Rutilus is a genus of fish in the family Cyprinidae found in Eurasia. This genus is a widely distributed lineage of cyprinids and ranges from West Europe to East Siberia.

Species
In FishBase (2022), nine species are included in the genus:
 Rutilus caspicus (Yakovlev, 1870) (Caspian roach)
 Rutilus frisii (Nordmann, 1840) (Black sea roach)
 Rutilus heckelii (Nordmann, 1840)
 Rutilus kutum (S. N. Kamensky, 1901) (Caspian kutum)
 Rutilus meidingeri (Heckel, 1851)
 Rutilus pigus (Lacépède, 1803) (Pigo)
 Rutilus rutilus (Linnaeus, 1758) (Common roach)
 Rutilus stoumboudae Bianco & Ketmaier, 2014 
 Rutilus virgo (Heckel, 1852) (Cactus roach)

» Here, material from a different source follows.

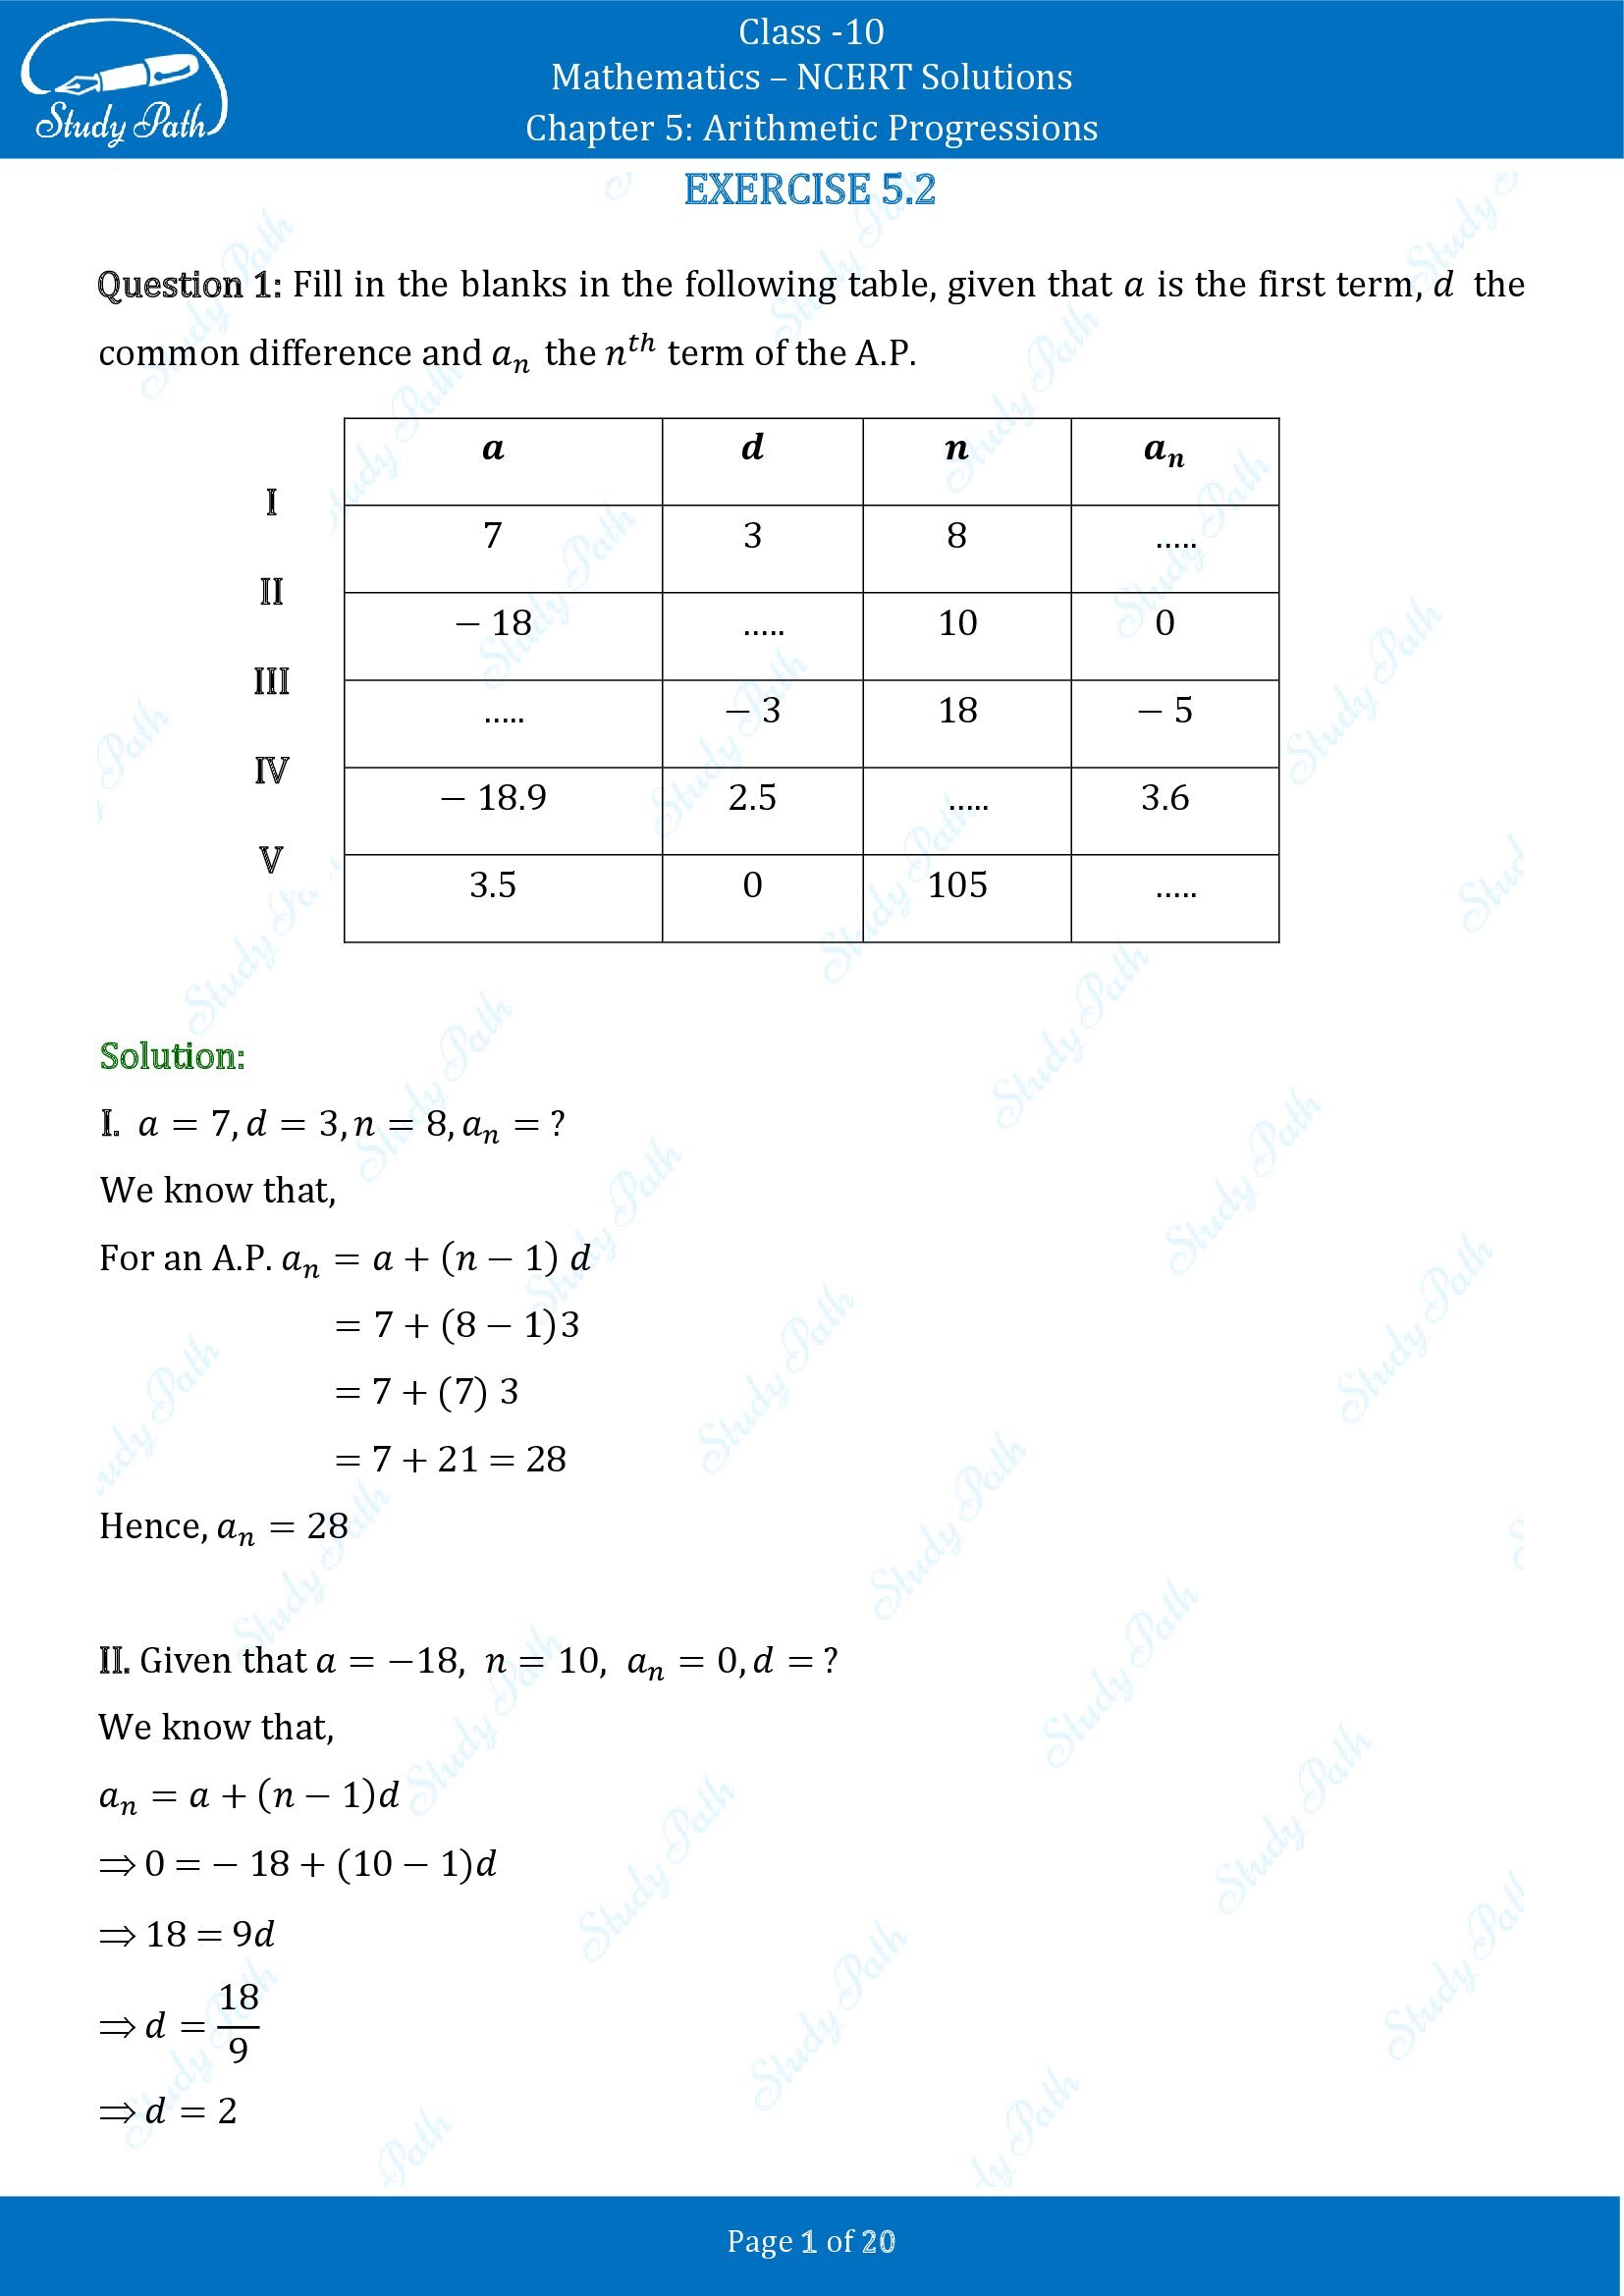 NCERT Solutions for Class 10 Maths Chapter 5 Arithmetic Progressions Exercise 5.2 00001

In a phylogeographic study, Levin et al. (2017) argue that the Ponto-Caspian taxa including R. caspicus, R. heckelii and R. stoumboudae could represent a single widespread species whose range extends to Siberia, to be named Rutilus lacustris, whereas R. kutum is included in R. frisii. 

The genera Leucos and Sarmarutilus have been recently separated from Rutilus'' and are closely related to it.